Онъ всегда садился за столъ и клалъ голову на руки или вдругъ задумывался и ходилъ по комнатѣ, повѣсивъ голову, или вдругъ ускорялъ шагъ и быстро ходилъ, сверкая глазами, какъ будто его что-то обожгло. Но чаще всего онъ неподвижно сидѣлъ возлѣ лампы за столомъ и разспрашивалъ, слушалъ, смѣялся, грустилъ. Повидимому, эти разговоры доставляли ему наслажденіе, и, вмѣстѣ съ тѣмъ муку. Когда Паша умолкала, онъ снова разспрашивалъ, иногда по нѣскольку разъ одно и то же.

— Ну, а какъ отецъ?

— Да что же… батюшка ничего… живетъ, — отвѣчаетъ Паша.

— Старикъ?

— Конечно, ужь старъ становится.

— А работаетъ же?

— Какъ же, вездѣ самъ.

— А если по праздникамъ… шапку въ кабакъ?

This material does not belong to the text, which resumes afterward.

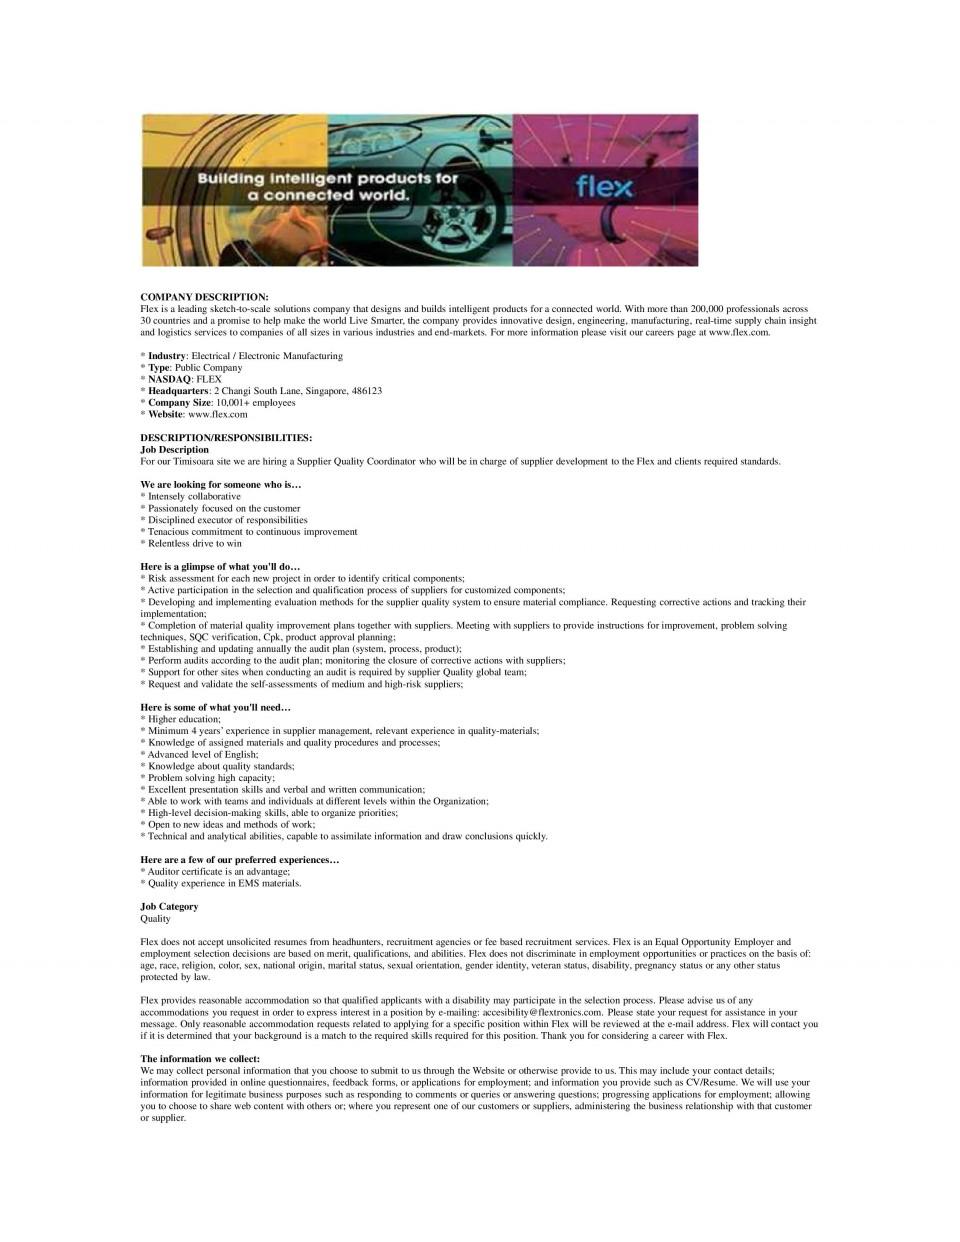 Supplier Quality Coordinator - WD036200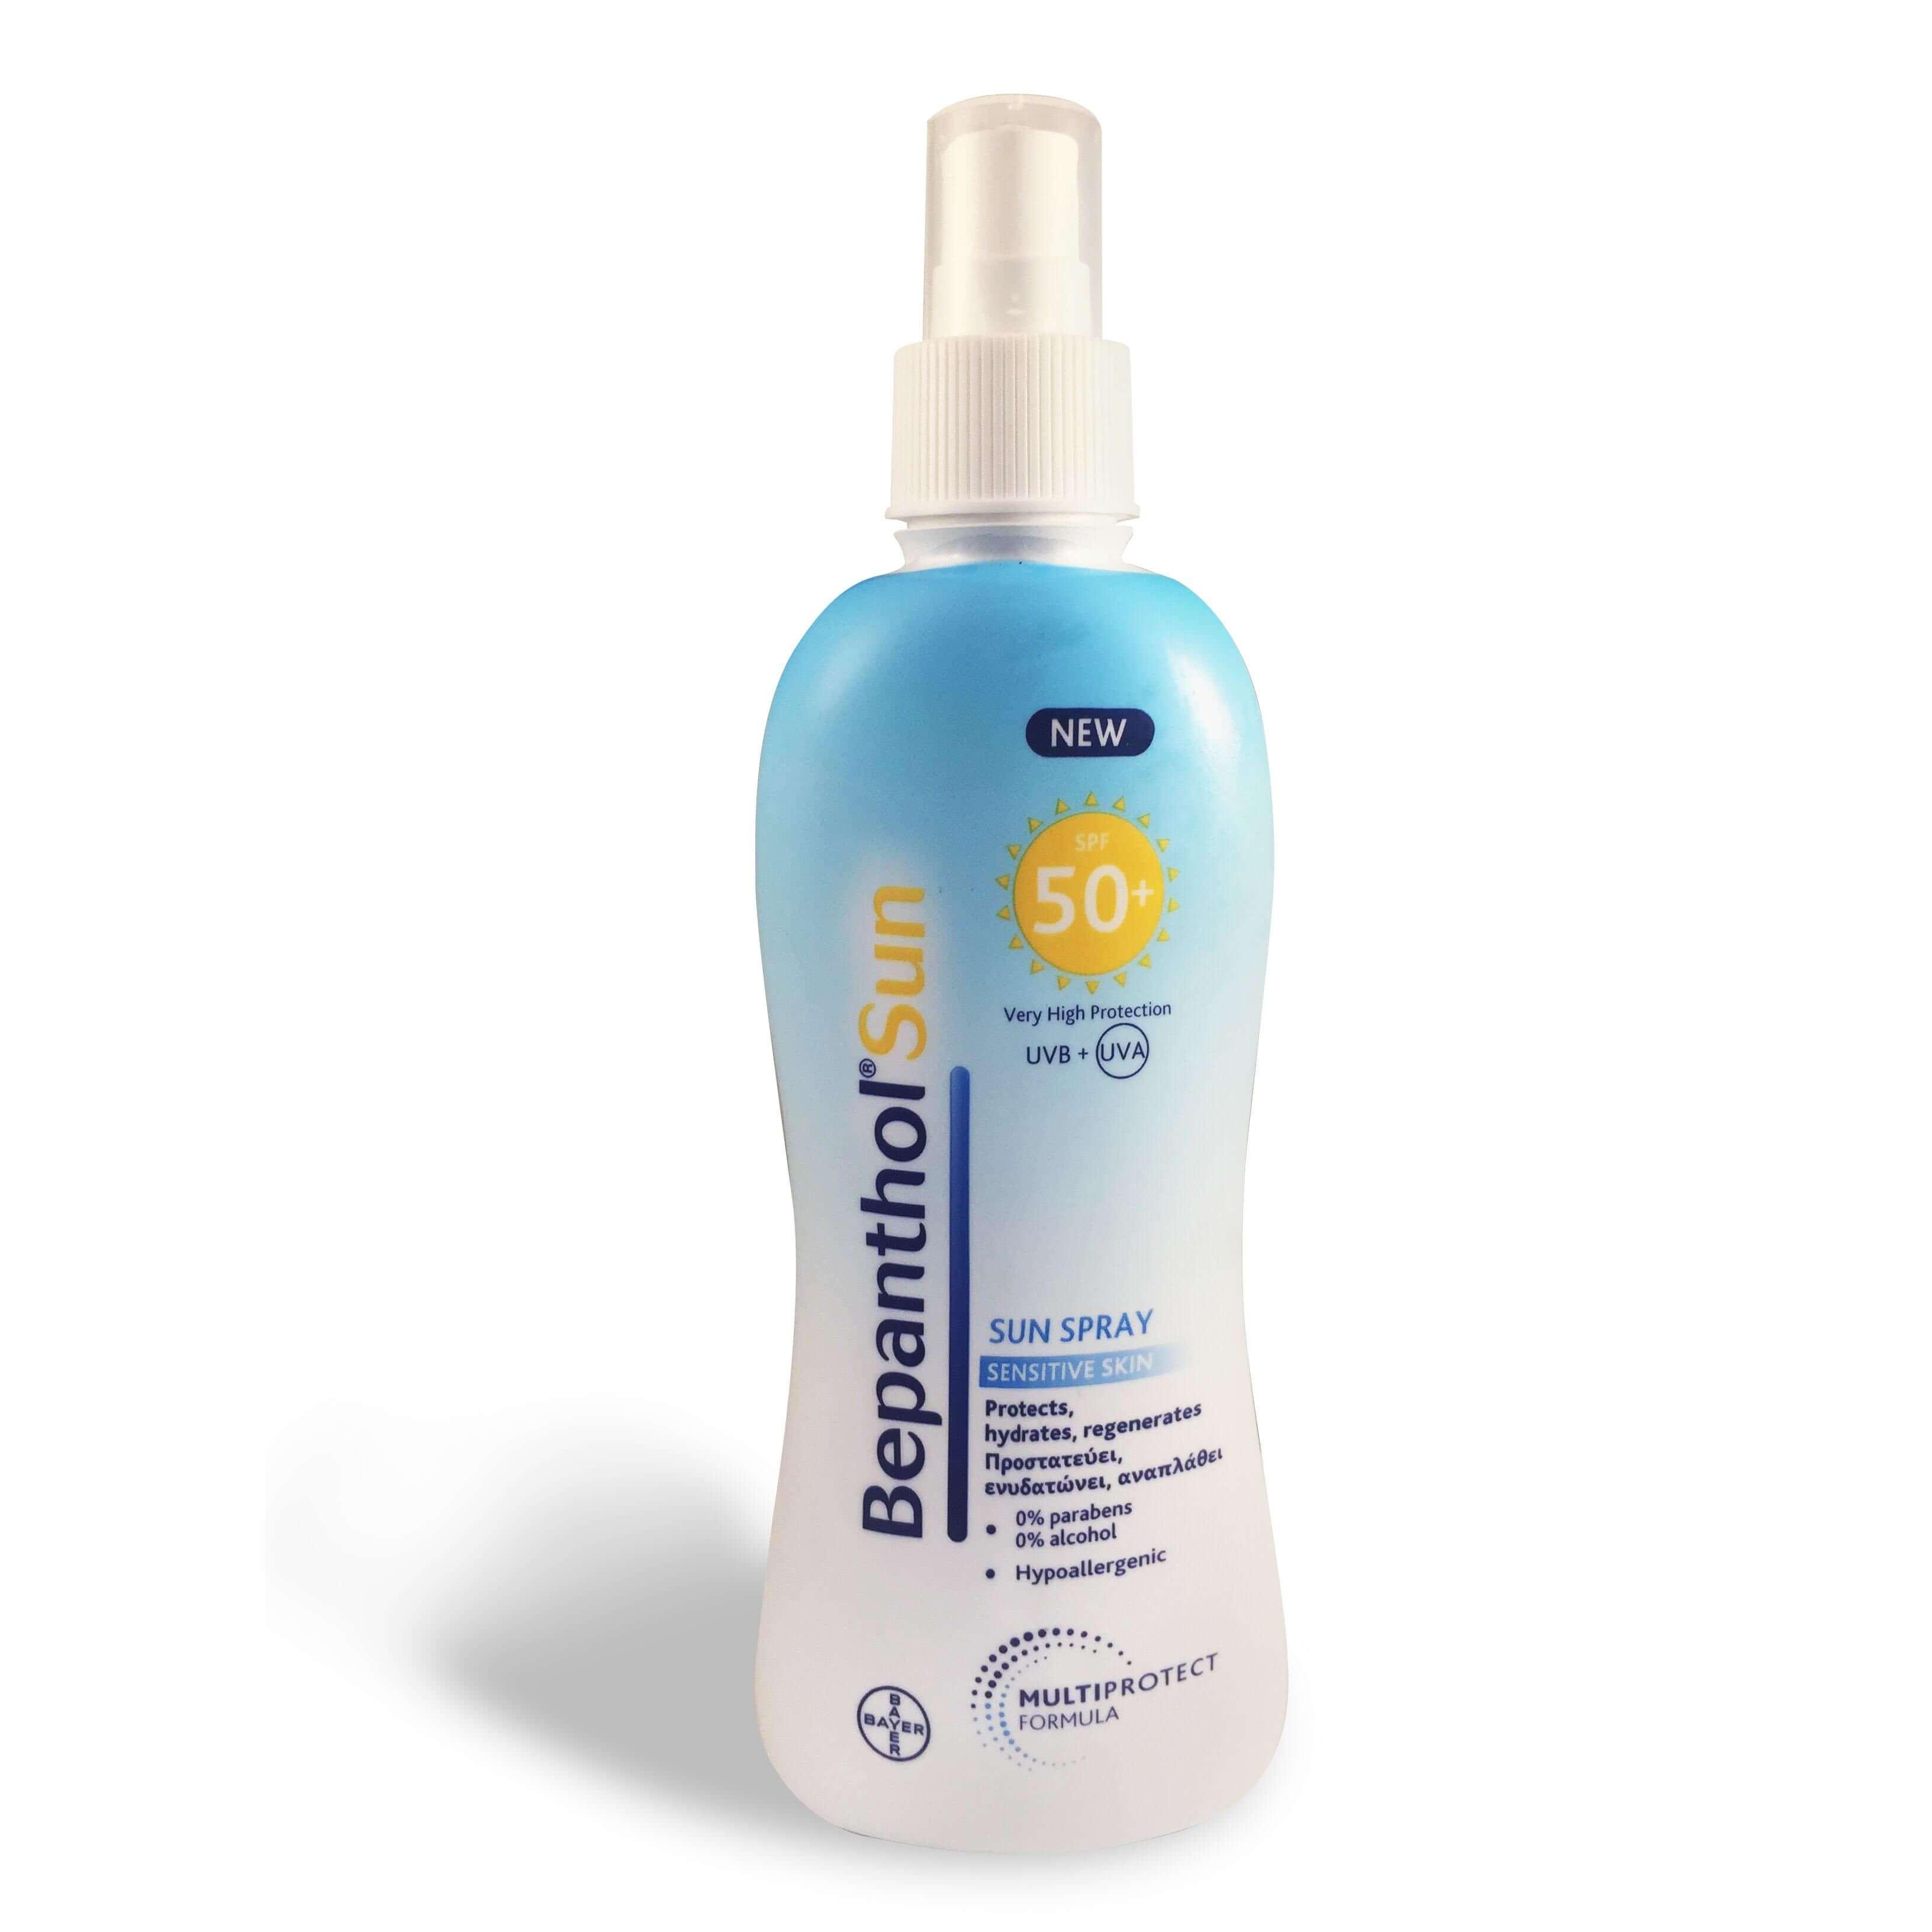 Bepanthol Sun Lotion Spray Spf50+ Αντηλιακό Γαλάκτωμα Σώματος Για Το Ευαίσθητο Δέρμα 200ml

— Бываетъ… пья-аненькій придетъ домой и все больше упрашиваетъ матушку не гнѣваться. А матушка налетитъ на него, ударитъ рукой или пихнетъ съ гнѣвомъ, а онъ упадетъ и упрашиваетъ ни обижать его…

— Упрашиваетъ?

— Да. Потомъ заснетъ.

— А кромѣ шапки еще что?

— Бываетъ, шапки-то мало, такъ и сапоги спуститъ.

— Безъ сапогъ?

— Въ старыхъ валенкахъ ходитъ.

Михайло смѣется, представляя себѣ картину, какъ отецъ ходитъ въ валенкахъ по дождю; потомъ задумывается…

— Ну, а мать?

— Матушка ничего… ходитъ все.

— Плачетъ?

— Случается. О тебѣ очень тосковала…

— Старая ужь, чай? Скрючилась?

— Конечно, ужь не молодая. Осторожно ступаетъ, а все-таки ходитъ же.

— Такъ они голодали, когда я ушелъ?

— Нуждались, должно быть, сильно.

— А огородъ съ капустой какъ?

— Что-то я не помню… Должно быть, нѣтъ. Какая ужь тутъ капуста!.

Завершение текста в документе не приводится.